La Défenseure des droits, Claire Hédon, a publié son rapport annuel 2022 dans lequel elle alerte sur la multiplication des atteintes aux droits fondamentaux et aux principes qui fondent la société française. Les réclamations reçues par l’institution ont augmenté de 9% par rapport à l’année précédente, atteignant plus de 125.000. Les relations avec les services publics représentent la majorité de ces réclamations, avec une hausse de leur part de 14%. La protection de l’enfance est également pointée du doigt, avec une hausse de 20% des réclamations. Claire Hédon déplore l’état dramatique de cette protection, faute de moyens suffisants pour les personnes vulnérables.

Dans son rapport qui vient de paraitre, Claire Hédon dresse aussi un large bilan des actions menées par ses délégués sur tout le territoire. Ils ont fort à faire, car les plaintes à l’encontre des administrations sont en augmentation constante face à des services publics qui ne favorisent pas l’accès aux droits des citoyens. La situation se dégrade et la plateformisation des services publics reste un point sombre de ce tableau.

L’année 2022 a été marquée par une série de difficultés récurrentes pour les usagers de services publics. De nombreuses personnes ont contacté le Défenseur des droits et ses délégués territoriaux pour obtenir de l’aide tant elles sont désorientées.

stats 2022 defenseur des droits

Les problèmes rencontrés sont nombreux : des obstacles pour renouveler un titre de séjour, des ruptures d’aide au logement dues aux erreurs dans les données des organismes sociaux, et des démarches numériques compliquées pour bénéficier de « MaPrimeRénov’ » pour ne citer que ces 3 axes qui trustent le haut du tableau des statistiques des interventions de cette institution.

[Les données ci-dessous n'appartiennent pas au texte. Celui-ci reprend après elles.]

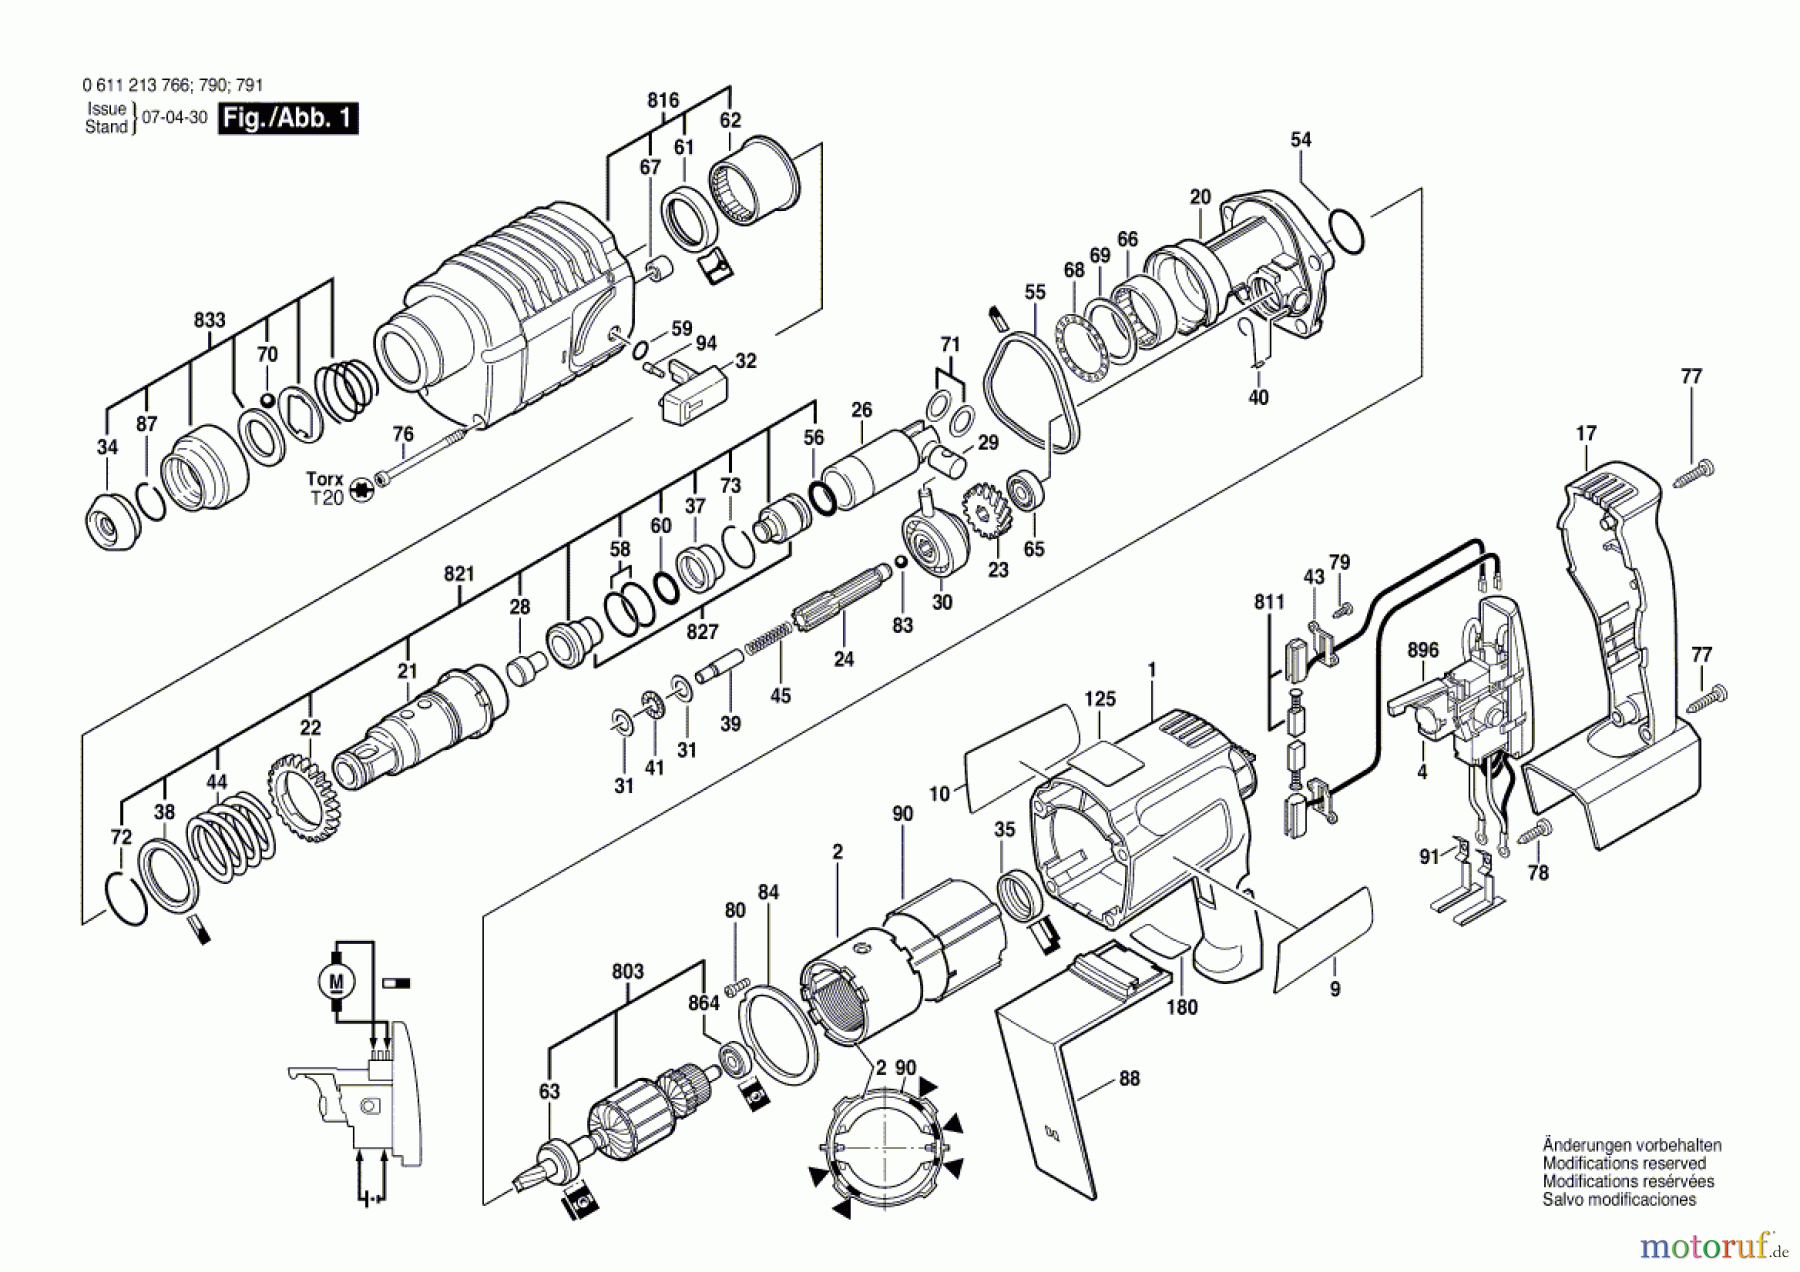  Bosch Akku Werkzeug Gw-Akku-Bohrhammer BRL 524 VE Seite 1

L’accès aux droits reste une variable d’ajustement des services publics

Dans chacune de ces situations, nous voyons des usagers privés d’un titre ou d’une prestation qui leur reviendrait de droit, en raison d’une organisation insuffisante ou inadaptée des services qui auraient dû les leur garantir. Le rapport souligne que la Cour des comptes a elle-même indiqué que, dans les préfectures, les suppressions de postes de ces dernières années n’avaient pas été « réalistes ». Ces suppressions ont eu des conséquences bien réelles sur la vie des ressortissants étrangers : allongement des délais d’instruction des demandes, ruptures de droits, précarité professionnelle et sociale. Bien que le Conseil d’État ait décidé de mieux encadrer les possibilités de dématérialisation des démarches, des administrations continuent de miser sur le « tout numérique », en espérant y gagner la possibilité de réduire les effectifs, mais en faisant courir aux usagers le risque d’y perdre l’accès à leurs droits.

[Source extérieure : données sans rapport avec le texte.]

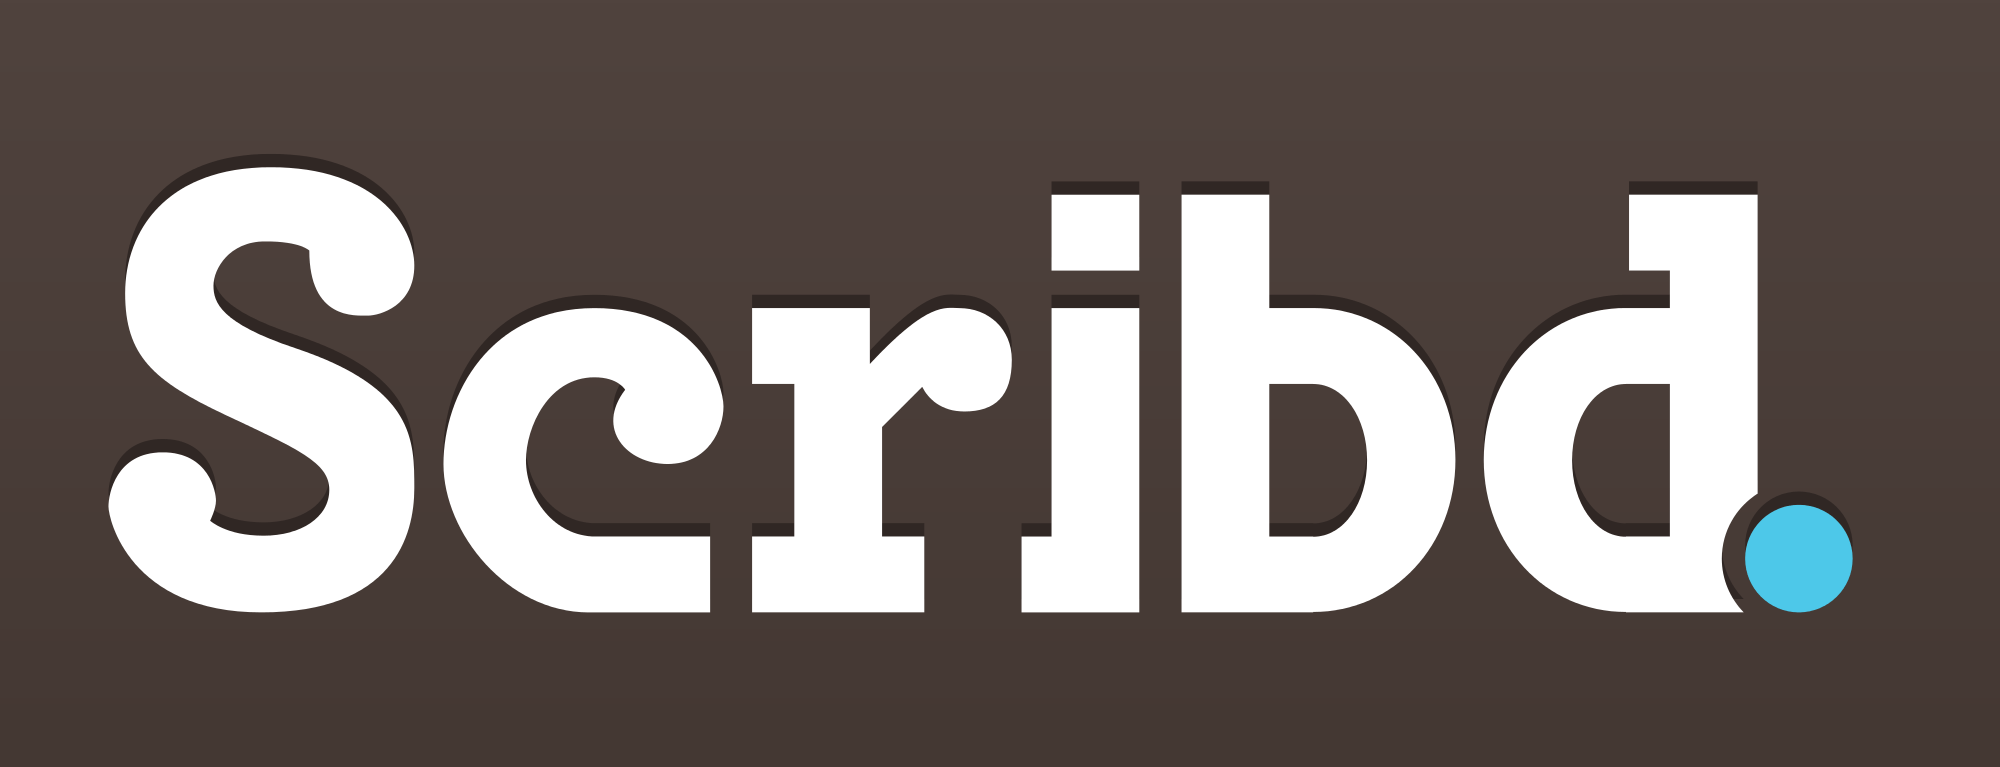 Scribd.com Logo - File:Scribd-Logo-Negative-brown-Vector.svg - Wikimedia Commons

Le Défenseur des droits réaffirme que l’accès aux droits ne doit plus être la variable d’ajustement de services publics insuffisamment dotés. L’égal accès effectif de toutes et tous aux services publics ne peut pas être un simple objectif de politique publique parmi d’autres : il constitue le socle de ce que notre pays doit à chacun de ses habitants, la condition nécessaire pour former une société de citoyens libres, égaux et fraternels.

La citoyenneté sociale, qui repose sur l’idée que les droits sont premiers, nous rappelle que les contrôles, les restrictions et les sanctions ne sont légitimes que pour permettre  la préservation des droits. Les services publics doivent donc garder pour boussole les droits de leurs usagers, rappelle la Défenseure des droits. Elle souhaite  agir pour que s’enracine dans l’ensemble des administrations une véritable « culture des droits ». La médiation, espace de dialogue au sein duquel l’usager peut se faire entendre, doit jouer un rôle dans le développement de cette culture.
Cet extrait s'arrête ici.